On a 200-task bench split across a TypeScript SaaS and a Python ML pipeline, GPT-5.5-Codex closed 81% of tasks unattended versus 67% for GPT-5.3-Codex, and burned 38% fewer reasoning tokens on the multi-step ones. But on trivial single-file edits it was 22% slower wall-clock. The default-everything answer is wrong; the right answer is "route by complexity."
GPT-5.5-Codex is OpenAI's coding-specialized variant of GPT-5.5, the new frontier model released April 2026 and now the recommended default inside Codex. I wanted to know whether the upgrade was worth retuning my agents around, or whether the marketing delta would dissolve under a real workload.

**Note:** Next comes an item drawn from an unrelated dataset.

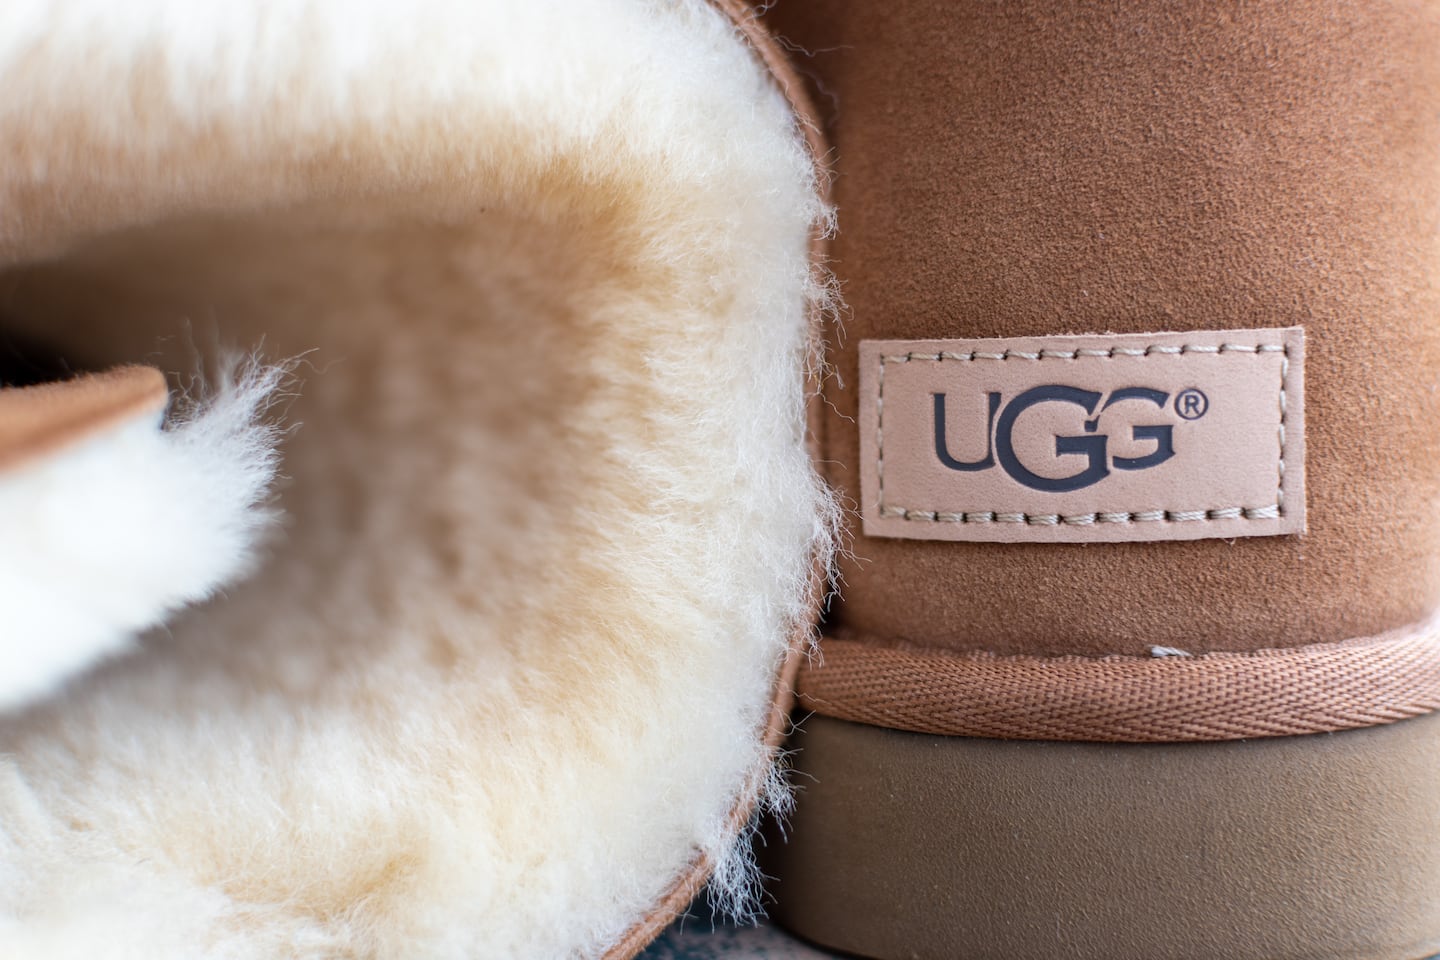 Ugg boots. Shutterstock.

So I built a controlled bench and ran every task twice.
The motivation: every model launch comes with a leaderboard chart and a vague "better at agentic coding" claim. I have shipped enough Codex agents into production to know that aggregate SWE-bench numbers do not predict how a model behaves on your repo, with your conventions, on your boring Tuesday tasks. OpenAI now positions GPT-5.4 as the flagship for general professional work and GPT-5.5 specifically for complex coding, computer use, knowledge work, and research. That positioning is interesting but not load-bearing. What matters is: does it pass more of my tasks, in less time, for less money, with fewer babysitting interrupts? You cannot answer that from a press release.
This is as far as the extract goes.